Magog - videos and photographs by Steven Cohen
The exhibition focuses on works made by the artist with Nomsa Dhlamini, the domestic worker who helped raise him and, now in her early 90s, continues to play a pivotal role in his life and work. In their various encounters, Cohen and Dhlamini appear as first humans, direct descendants of the apes; as people of contrasting skin colours, subject to anthropological classification; as luminous beings clad in brilliant costumes of fiber-optic light. The exhibition features new works relating to the Cradle performance and conceived for the gallery, including a video of Cohen and Dhlamini's interventions in the caves, and studio photographs.
Event Horizon - paintings by Odili Donald Odita (Nigeria)
Since his last solo exhibition in Cape Town in 2008, Odita has created large murals at the US Mission to the United Nations in 2010; the New Orleans Museum of Art and the Kiasma Museum of Contemporary Art, Helsinki, in 2011; and a stained-glass installation in the 20th Avenue subway station in New York in 2012. These site-specific installations are three-dimensional counterparts to his paintings on canvas, and together they reveal the development of Odita's life-long meditation on colour.
Zombie Babylon - paintings by Conrad Botes
For this exhibition Botes continues his recent series of paintings on canvas while also showing his distinctive reverse-glass paintings, sculptures and drawings. The paintings on this show have evolved from the religious imagery he presented at his last exhibition at the gallery in Cape Town.
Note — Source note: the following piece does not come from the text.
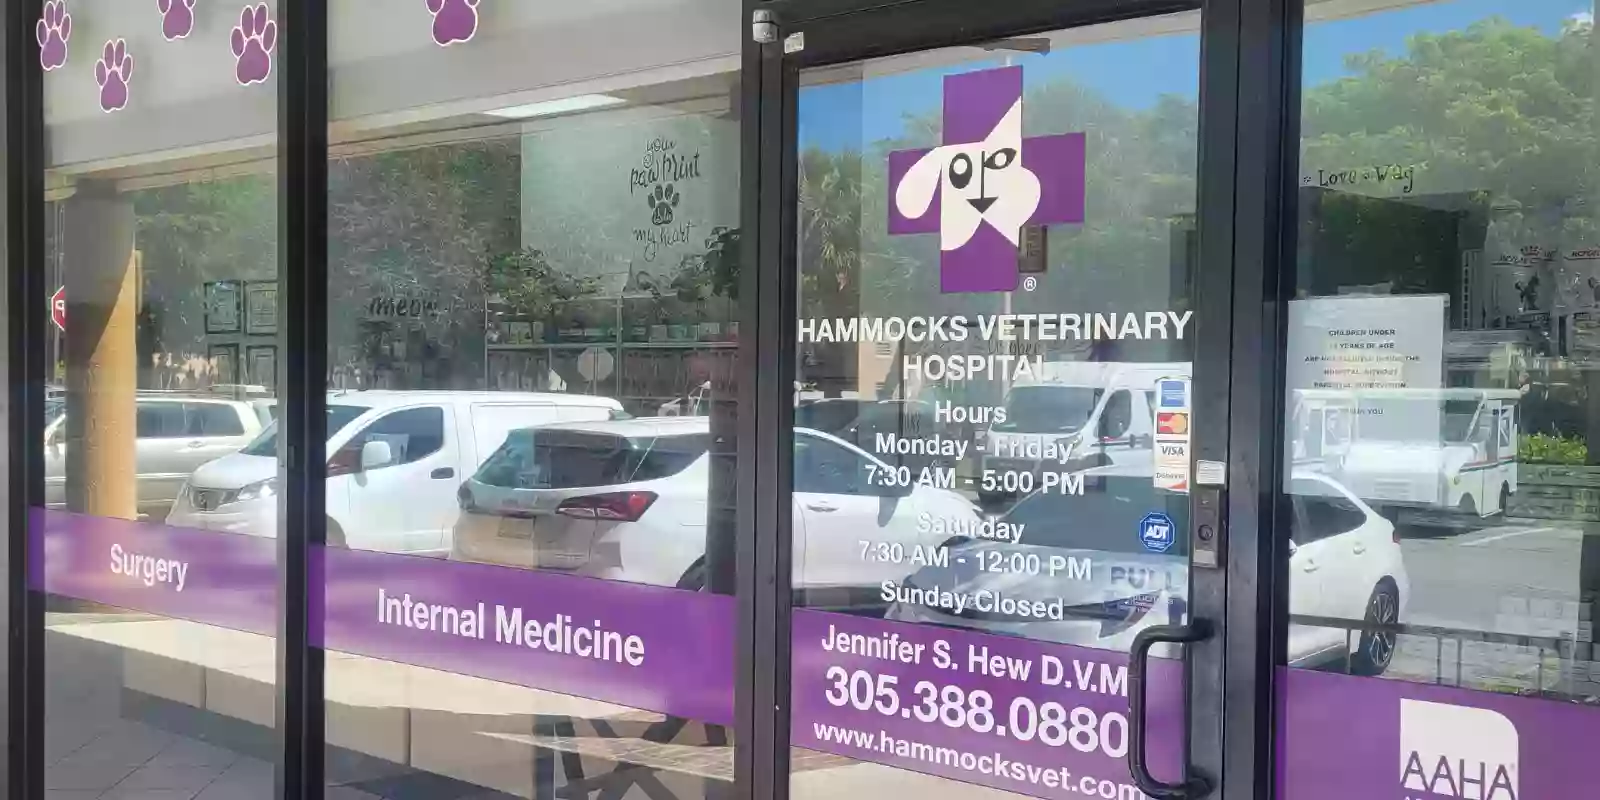 Hammocks Veterinary Hospital

Over the past few months he has also been fascinated by the optical effects of colour, and has created paintings that pulsate with a psychedelic intensity. The result is an unlikely and unexpected presentation of iconic images. Another series of paintings features horrifying imagery, yet rendered in beautiful and optical colours that simultaneously seduce and repulse, reminding us of how our perceptions are influenced by colour.
Mumbo Jumbo - paintings by Michael Taylor
Taylor has chosen to approach this exhibition as a playful exercise in describing the landscape of his personal ‘island’. Not only is this body of work a return to large-scale drawing for Taylor, but also, a return to using narrative as a starting point for the image-making process. Devising a story, in the form of a poem, and working with a select number of preconceived titles, Taylor attempts to create a familiar metaphor for which to make drawings. The narrative shifts simultaneously between two chief protagonists - the hero, Mickey, and his ego, the island. Diving between character sketches the pictures illustrate an uncanny likeness of the two subjects.